AI founders seek conviction, flexibility, and funding disbursed in days, not months. They desire investors who grasp that a portfolio of multiple small, audacious bets will yield superior returns compared to one painstakingly slow, "perfect" deal that stretches indefinitely.

Smaller and mid-sized funds possess an inherent advantage here. Unburdened by stringent institutional mandates, they can employ creative deal structures, including SAFEs, convertibles, secondaries, and even hybrid equity-and-debt arrangements. The crucial factor is their willingness to remain agile and capitalize on promising opportunities.

Europe's AI landscape boasts talent, a robust research foundation, and even ample capital—though currently it is misallocated. What is conspicuously absent is a sense of urgency. As long as the continent's venture capital ecosystem adheres to its cautious instincts, its most promising AI startups will continue to accept foreign funding, and with it, the valuable talent and strategic leverage that accompany growth and scale.

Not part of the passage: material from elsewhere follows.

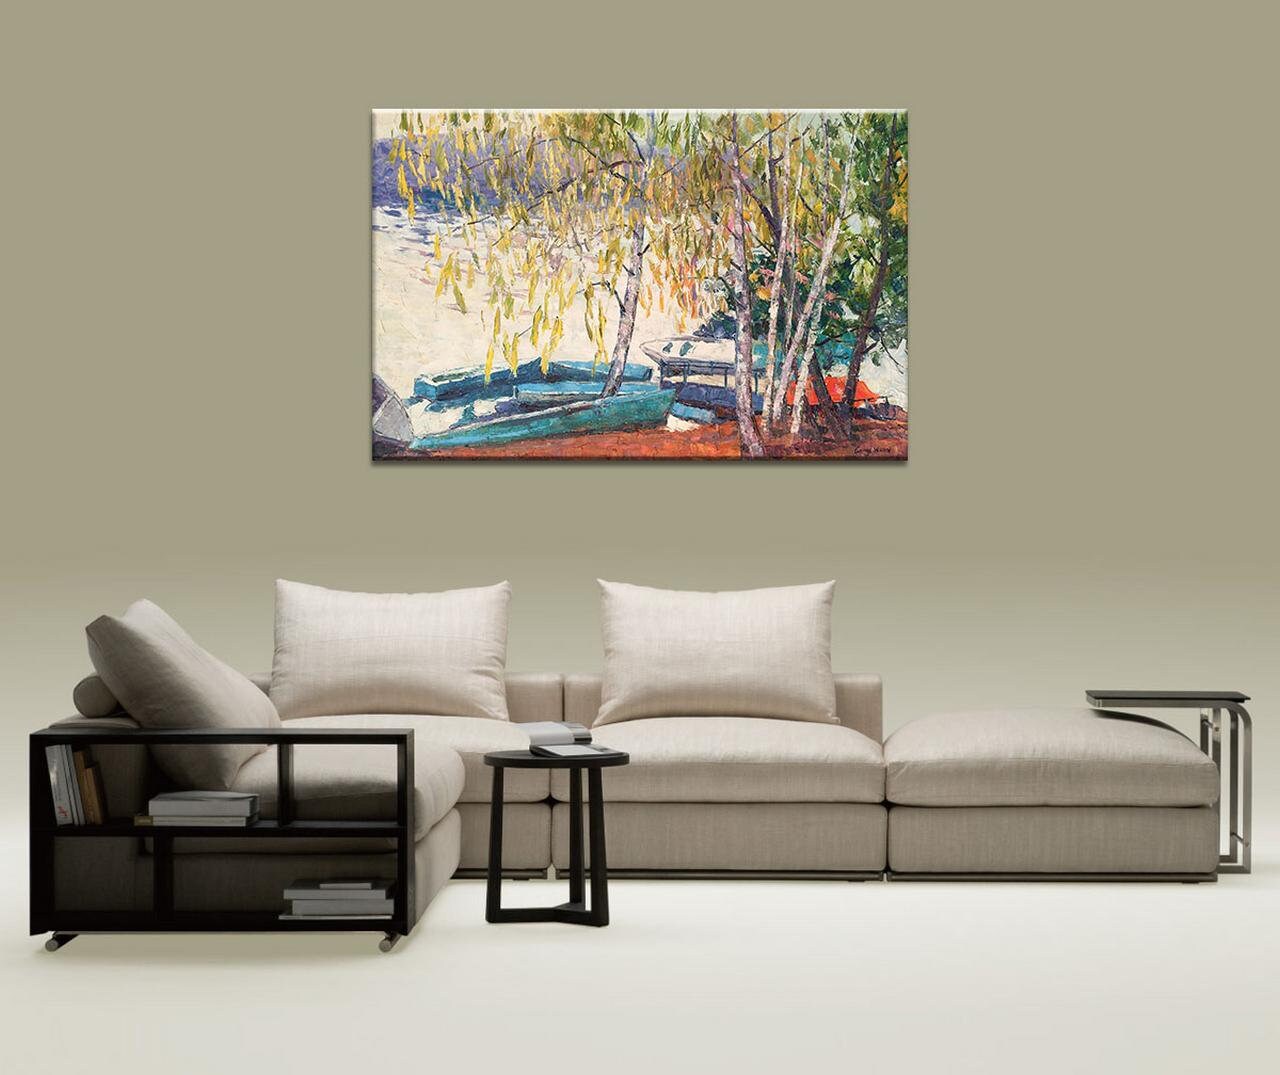 Landscape Painting Boats by the Lake - Upgrade your office decor with this contemporary oil painting on canvas
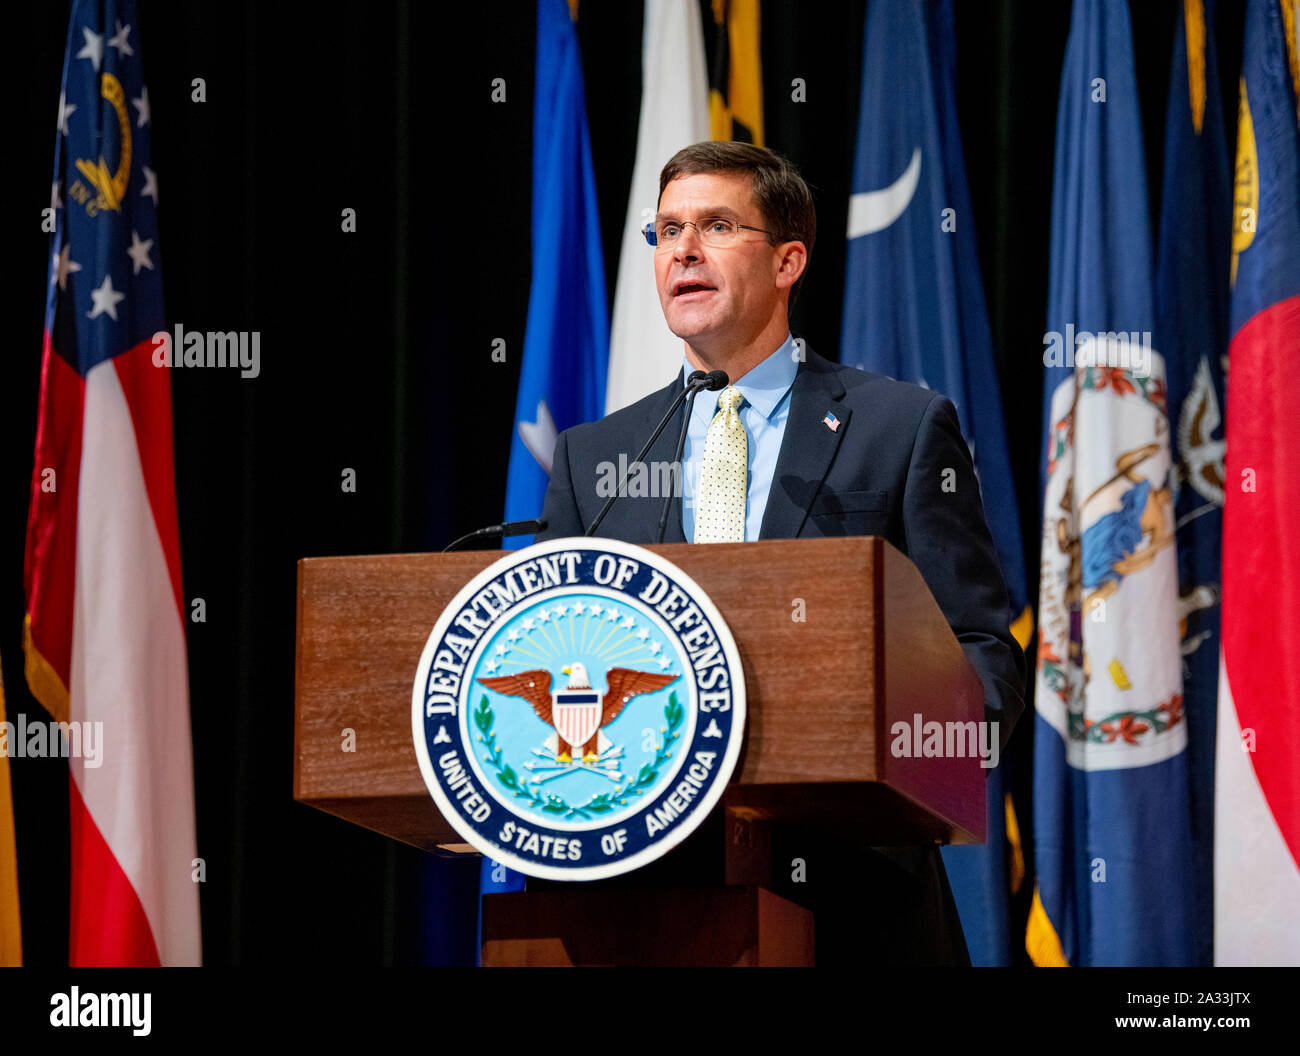 Defense Secretary, Mark Esper and other Keynote speakers honor the recipients of the Department of Defense 39th annual Disability Awards at the Pentagon, Washington, D.C., Oct. 3, 2019. The awards are presented to Service members and civilians with disabilities for their outstanding contributions that support the DOD mission. (DoD photo by Marine Corps Sgt. Dylan C. Overbay) Stock Photo

The choice is stark: either European investors adapt to the rapid pace of startups, or the continent risks remaining merely a research laboratory for others to exploit. Europe has the potential to cultivate the next generation of global companies, but this can only happen if its capital infrastructure sheds its ingrained inclination to hesitate when it matters most.

The AI race waits for no one, and Europe cannot afford to wait either.